Seit 2021 steuerliche Nachteile für private Kryptoinvestoren

Aufgrund einer Änderung des § 20 Einkommensteuergesetz (EStG) können Termingeschäfte seit dem 01.01.2021 nur noch bedingt bei der Verlustverrechnung berücksichtigt werden. Eine solche Einschränkung der Verlustverrechnung hat massive Auswirkungen auf die Steuerlast privater Kryptoinvestoren. 

Eingeschränkte Verlustverrechnung und Mindestbesteuerung

Während es vor dem 01.01.2021 möglich war, Verluste aus Termingeschäften uneingeschränkt mit den Einkünften aus Kapitalvermögen zu verrechnen, ist dies aufgrund des neu eingeführten § 20 Abs. 6 Satz 5 EStG seit 2021 nicht mehr ohne Weiteres möglich:

  1. Verluste dürfen nur noch mit Gewinnen aus Termingeschäften und mit Erträgen aus Stillhaltergeschäften verrechnet werden.
  2. Außerdem ist die Verlustverrechnung auf 20.000 Euro jährlich begrenzt.

Zwar können die nicht verrechneten Verluste in die Folgejahre vorgetragen werden. Aber auch dann ist eine Verlustverrechnung der Höhe nach auf 20.000 Euro pro Jahr begrenzt. Das führt faktisch zu einer Mindestbesteuerung von Gewinnen.

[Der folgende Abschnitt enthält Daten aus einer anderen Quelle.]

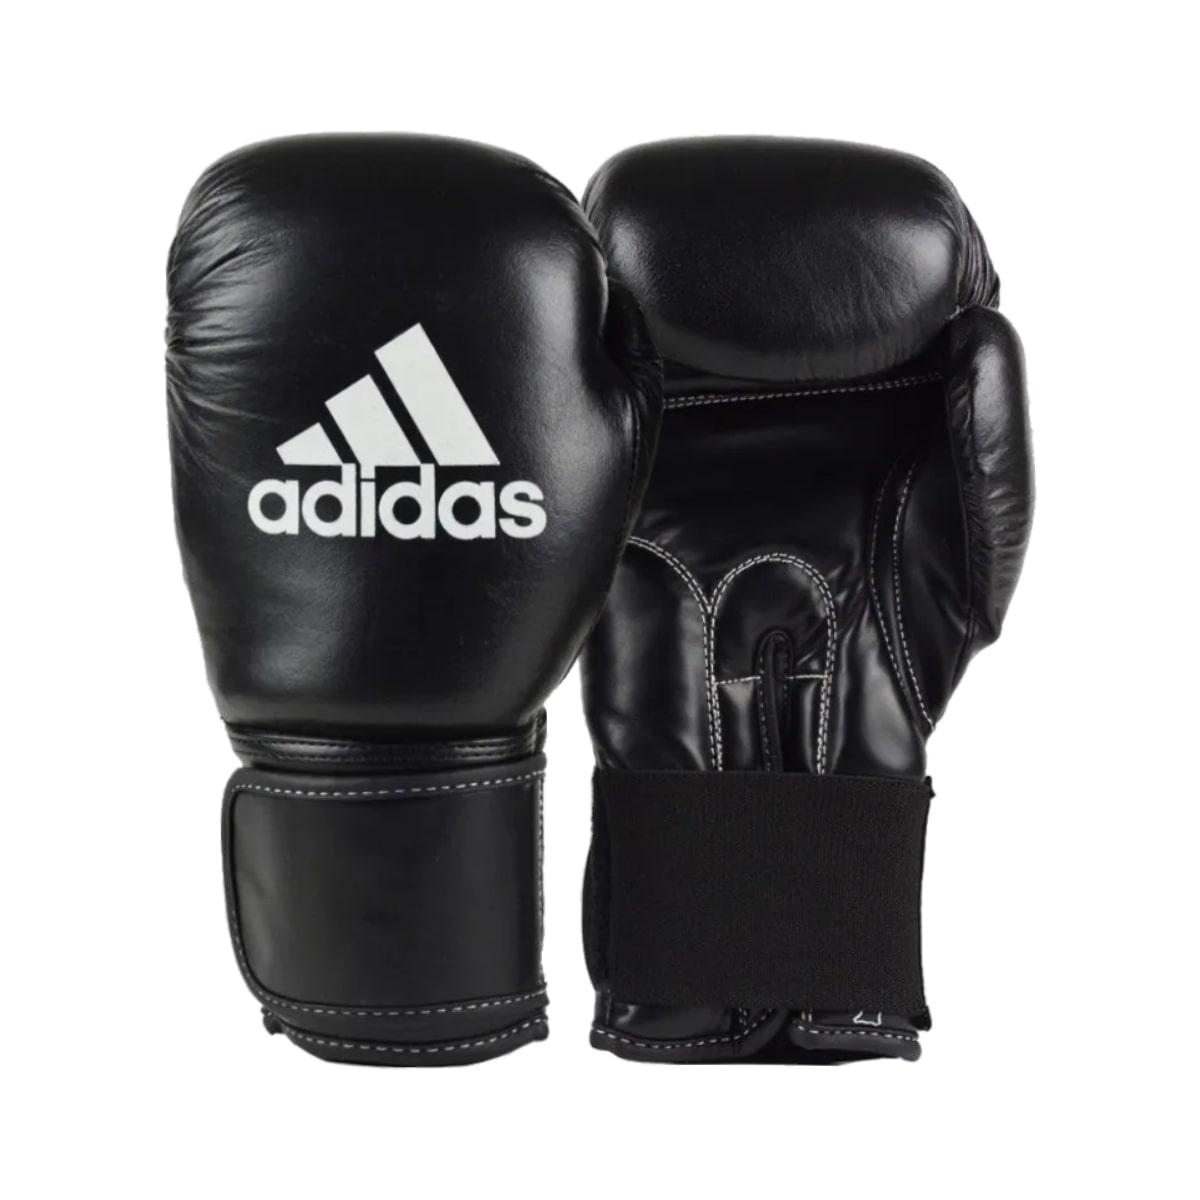 Luva Boxe Adidas Performer Couro - Preto
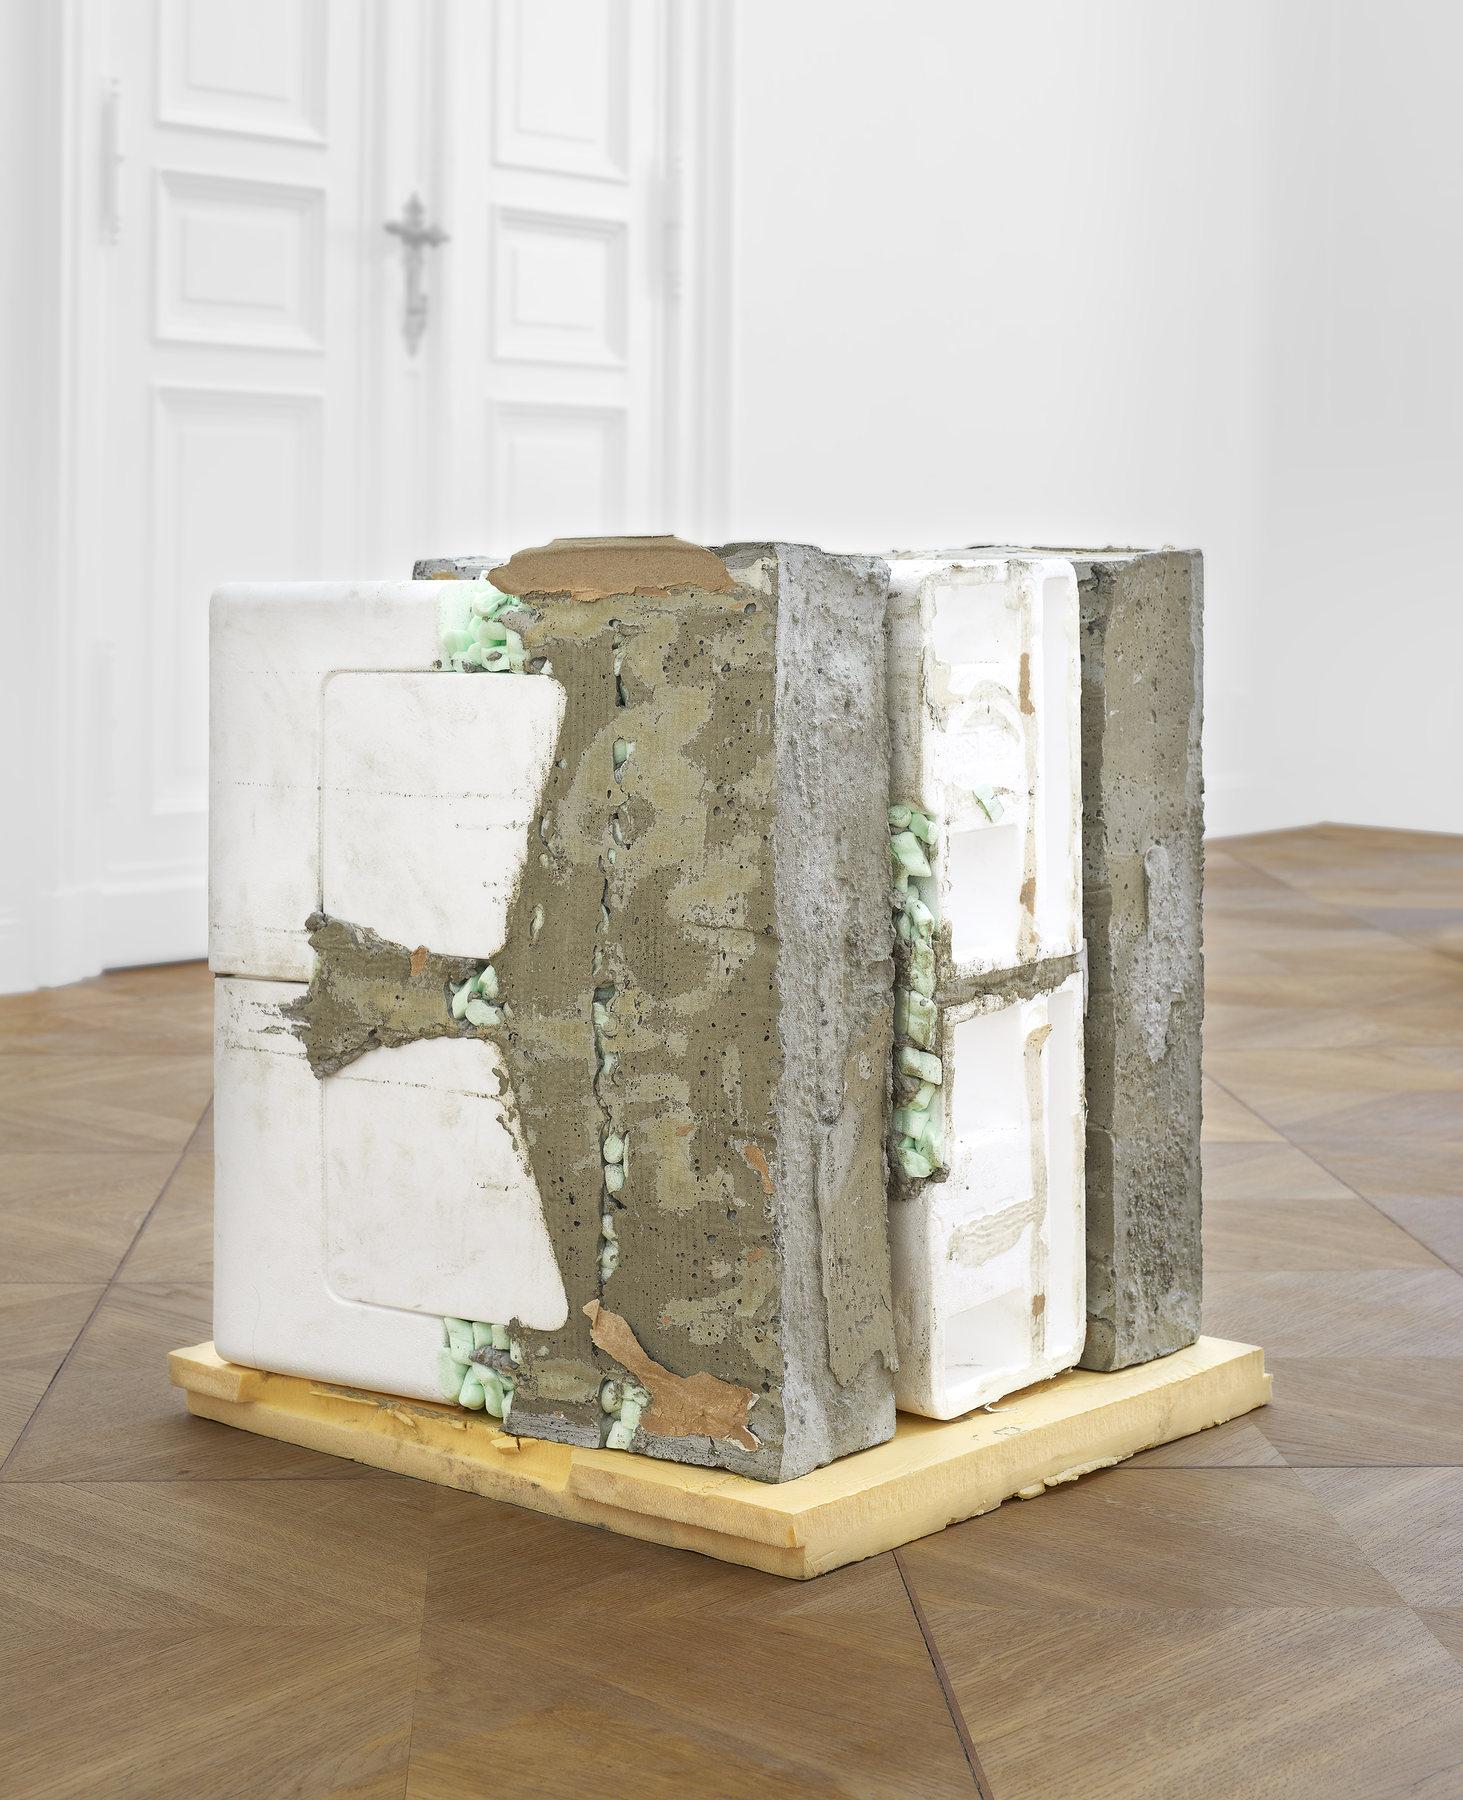 David Hanes at Open Forum – Art Viewer

Automatisierter Kryptosteuerreport für das Finanzamt

Die Kryptosteuerklärung stellt private Kryptoinvestoren regelmäßig vor Herausforderungen. Denn jeder, der steuerpflichtige Gewinne aus Aktivitäten mit Kryptowährungen erzielt, muss eine Steuererklärung abgeben. Aber auch die Angabe von Verlusten kann von Vorteil sein, da sich diese mit zukünftigen Gewinnen verrechnen lassen. WINHELLER und ACCOINTING haben gemeinsam eine Softwarelösung entwickelt, die es Kryptoinvestoren erlaubt, schnell und einfach einen Steuerreport für das Finanzamt zu erstellen. Mehr erfahren

Beispiel: Kryptoinvestor zahlt mehr als 3 mal so viel Steuern

Für einen Steuerpflichtigen, der 2020 Gewinne in Höhe von 200.000 € erzielt hat und gleichzeitig Verluste in Höhe von 150.000 € aus Termingeschäften hinnehmen musste, ergab sich für 2020 ein zu versteuernder Überschuss von 50.000 €. 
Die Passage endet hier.